:: WHAT YOU SHOULD DO ::
Pictures in the listing below are skipped, while the lines from the "an american flag on a boat in the water" line through the "Omari Hardwick nude" line are returned word for word.

:: GIVEN RECORDS ::
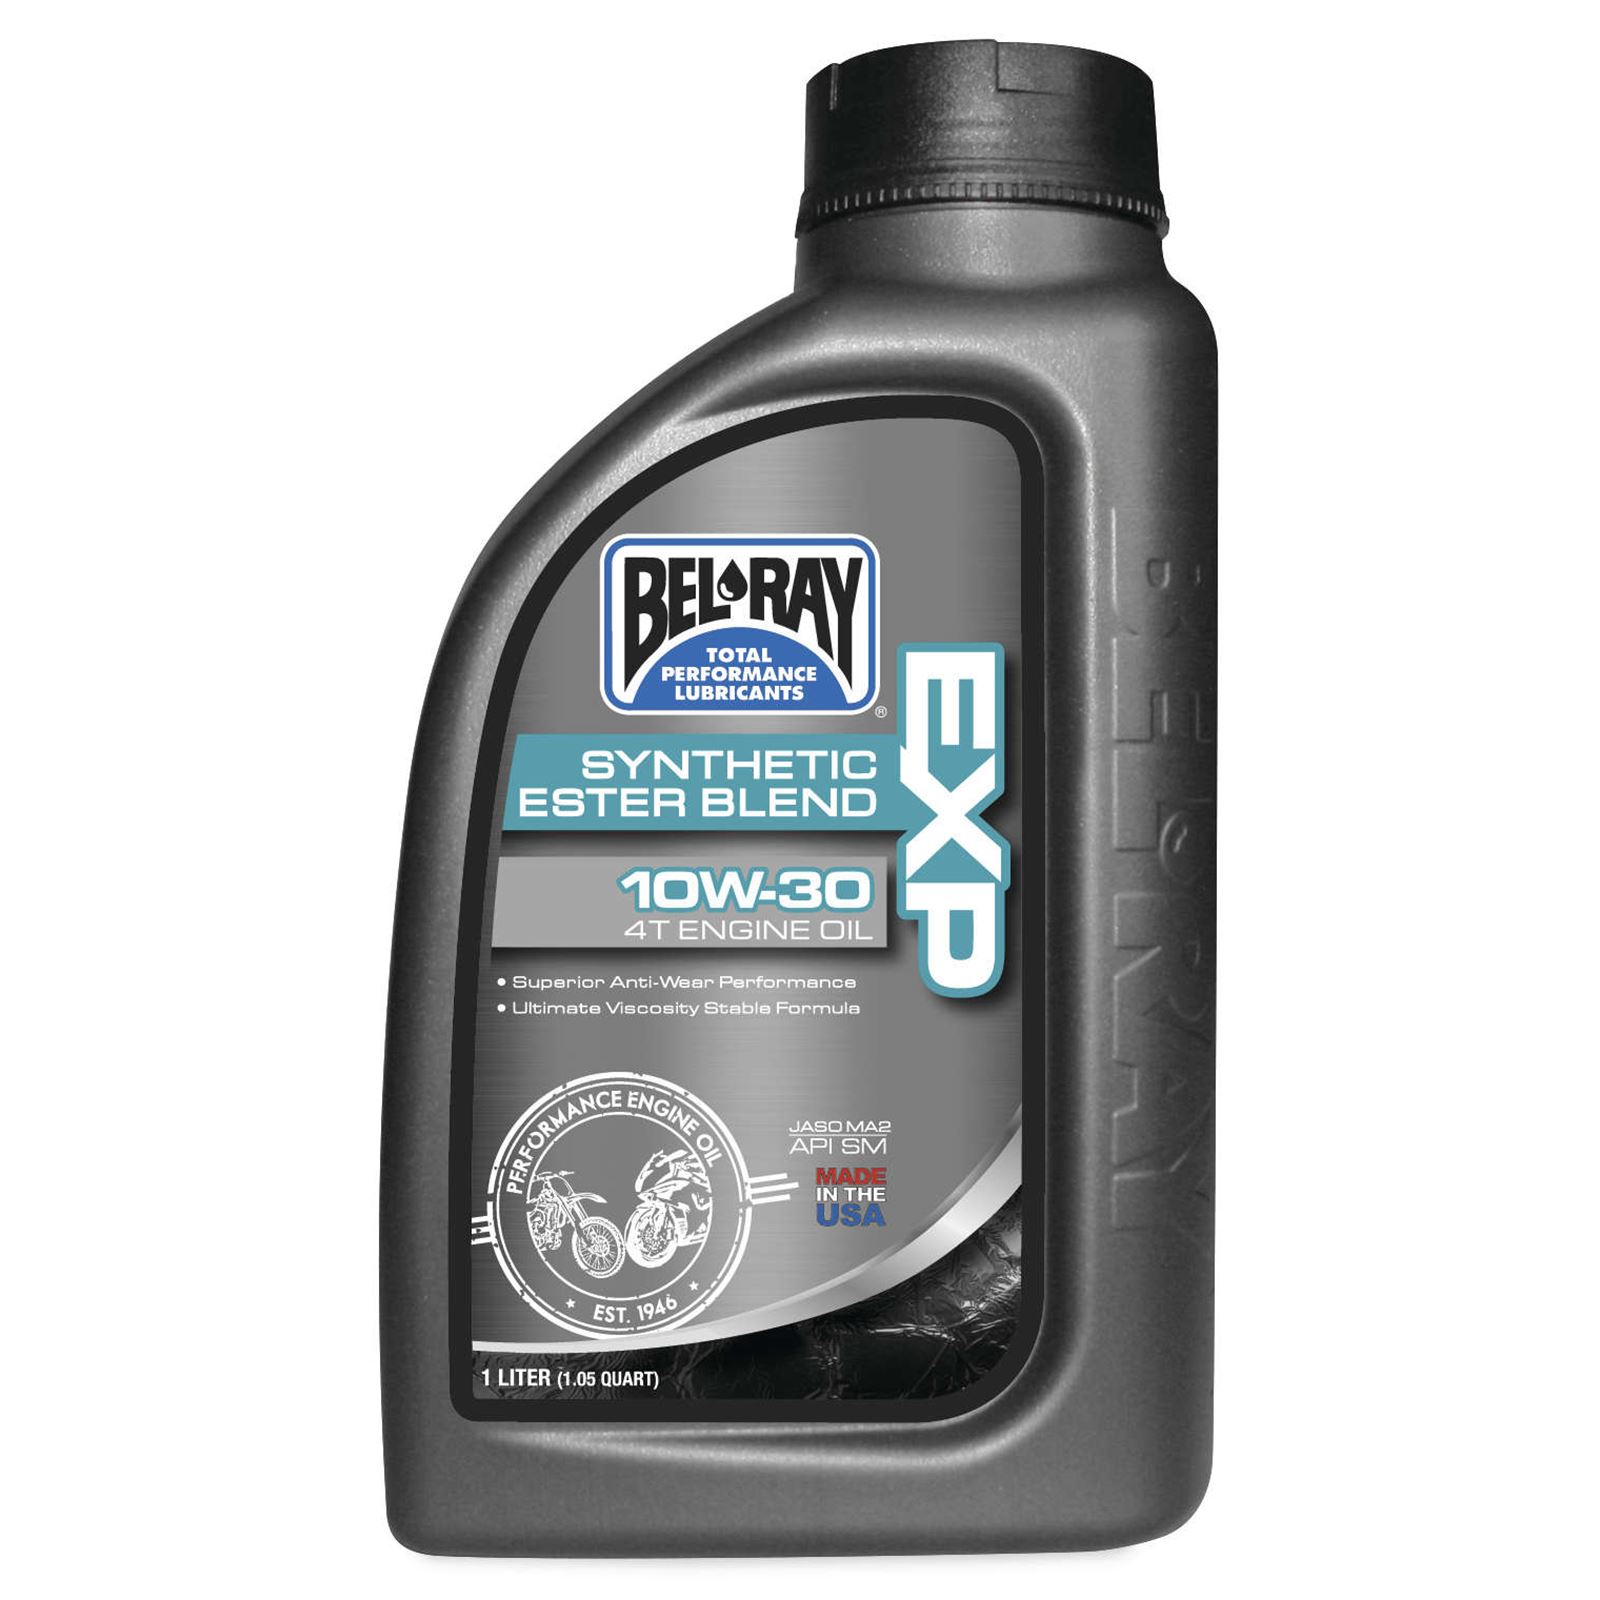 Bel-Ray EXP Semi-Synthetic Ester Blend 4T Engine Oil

--

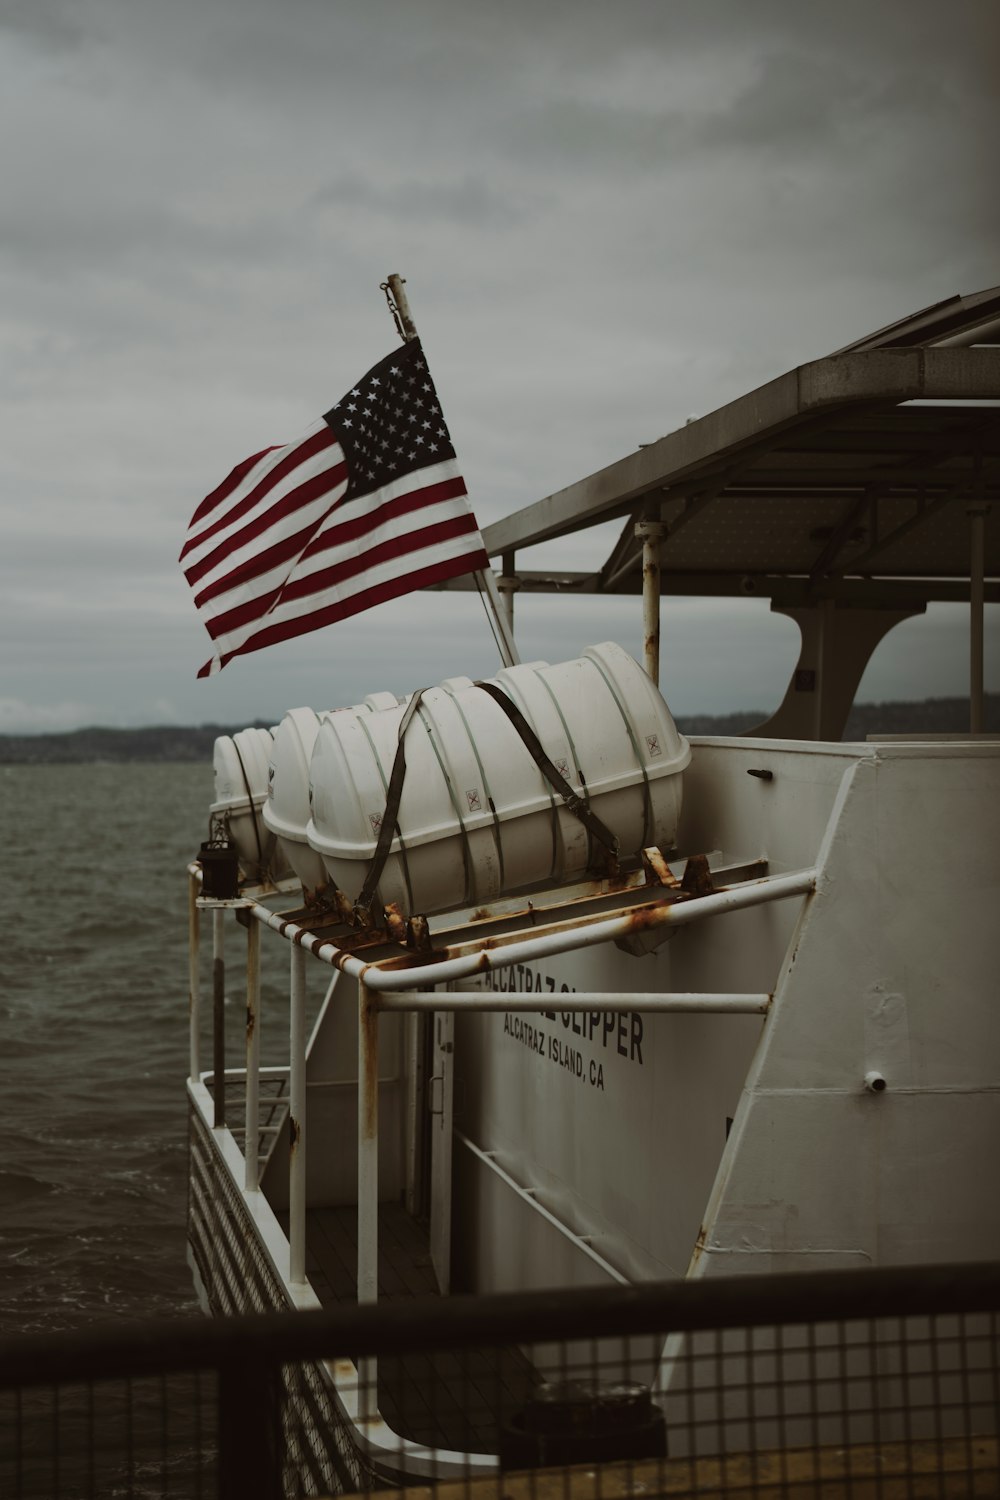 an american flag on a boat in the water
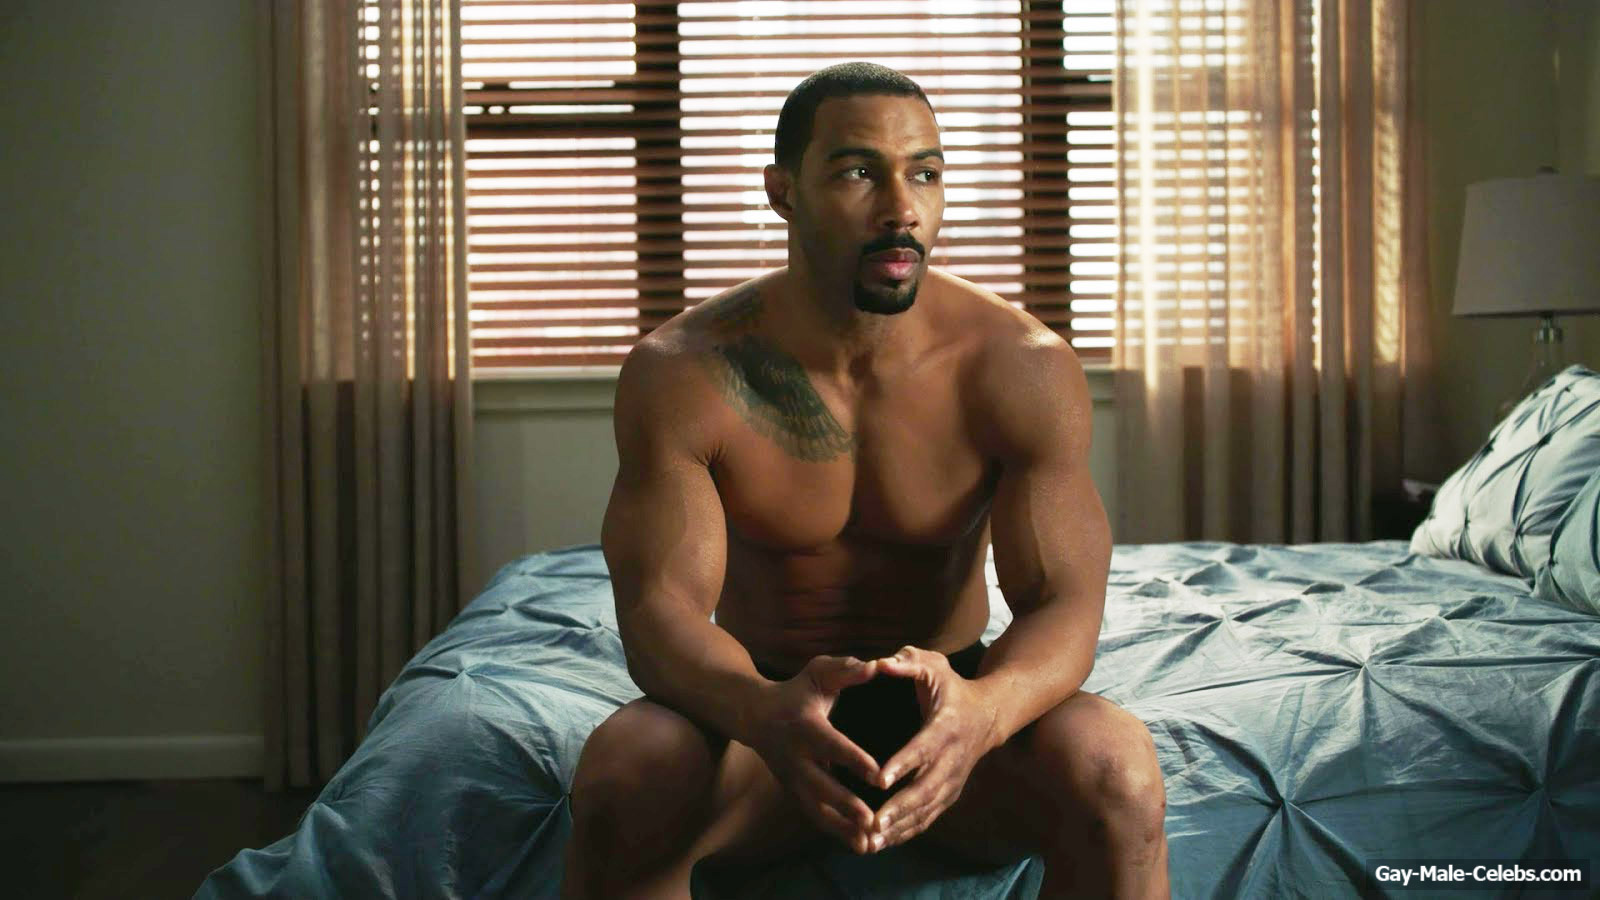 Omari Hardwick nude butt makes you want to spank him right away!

* * *

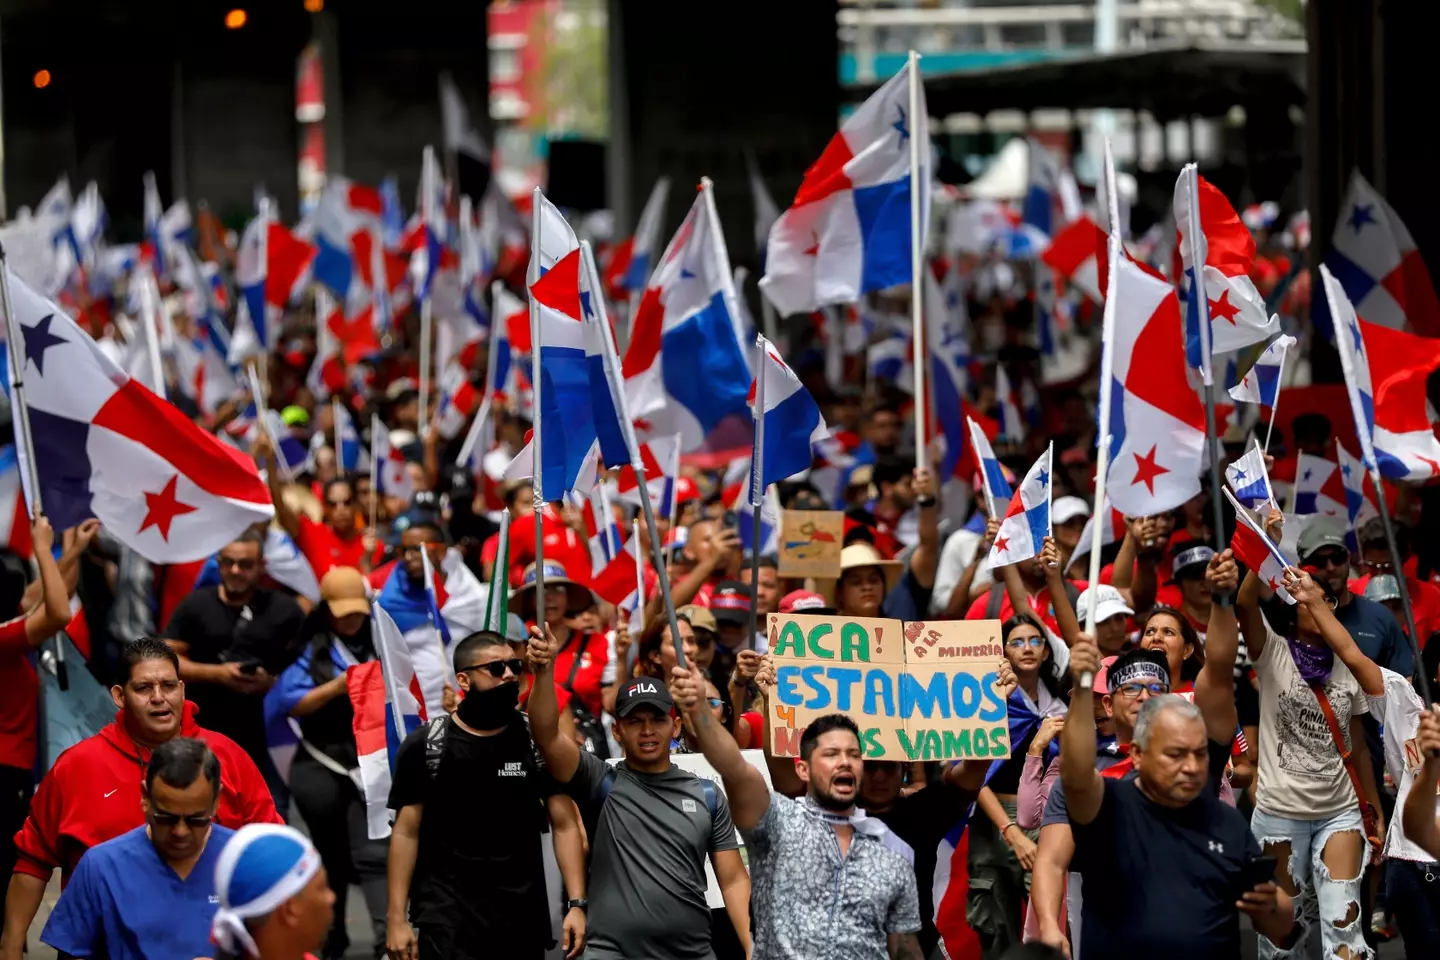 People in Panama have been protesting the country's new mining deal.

:: WRITTEN RESPONSE ::
 an american flag on a boat in the water
 Omari Hardwick nude butt makes you want to spank him right away!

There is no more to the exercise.